> Exercise requirements
Leaving out the images, repeat all the lines below exactly.

> Dataset extract
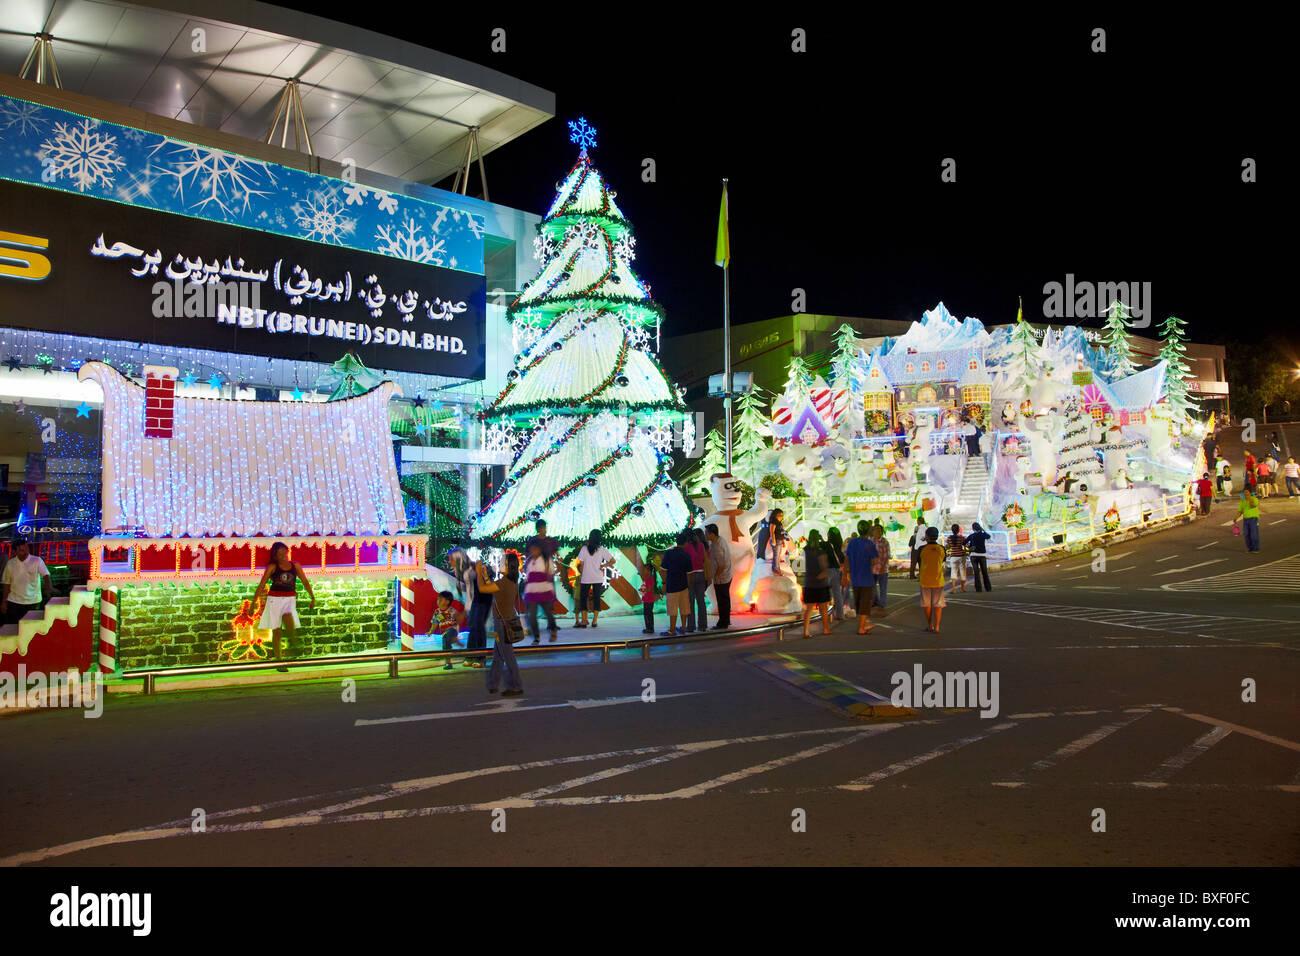 Christmas Decorations at the Lexus Dealership, Bandar Seri Begawan, Brunei Darussalam, Asia - Stock Image
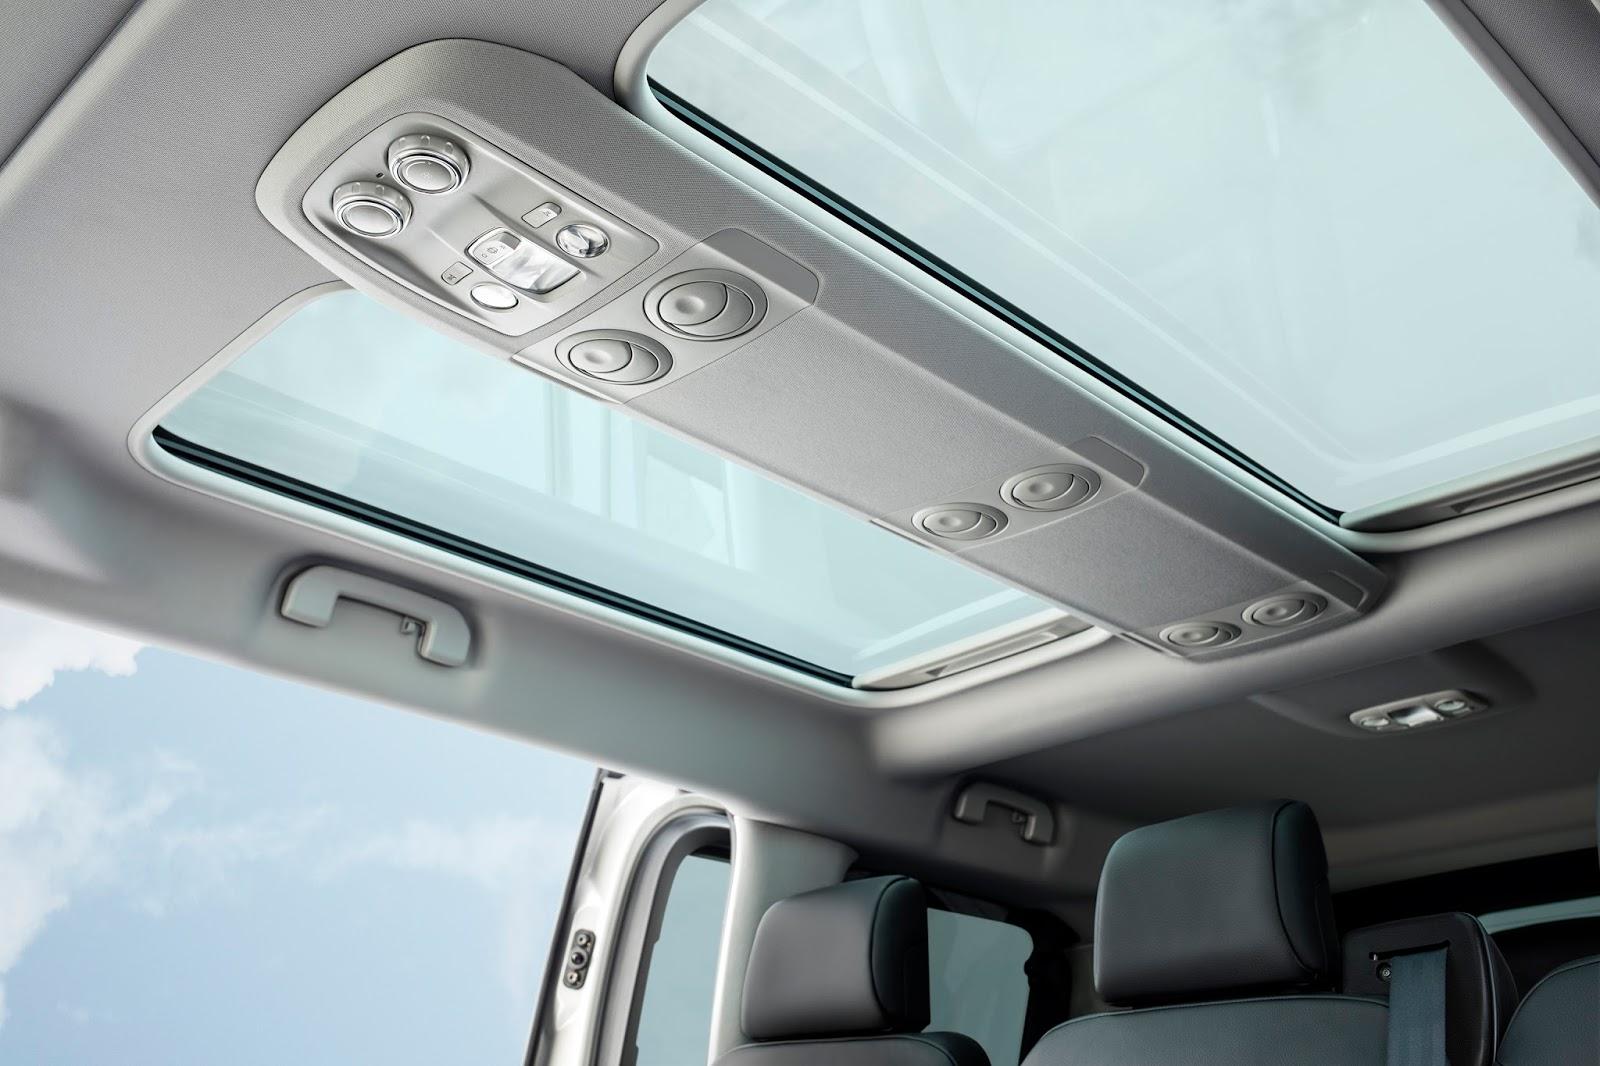 Copie%2Bde%2BCL%2B16.010.021 Με 5 Παγκόσμιες Πρεμιέρες η Citroën Στο Σαλόνι Αυτοκινήτου της Γενεύης
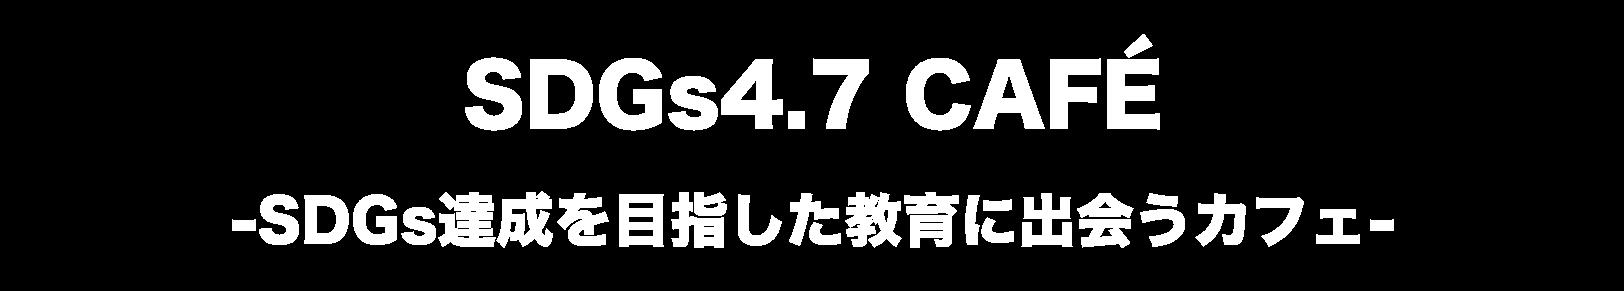 SDGs4.7カフェ

> Your solution
 Christmas Decorations at the Lexus Dealership, Bandar Seri Begawan, Brunei Darussalam, Asia - Stock Image
 Copie%2Bde%2BCL%2B16.010.021 Με 5 Παγκόσμιες Πρεμιέρες η Citroën Στο Σαλόνι Αυτοκινήτου της Γενεύης
 SDGs4.7カフェ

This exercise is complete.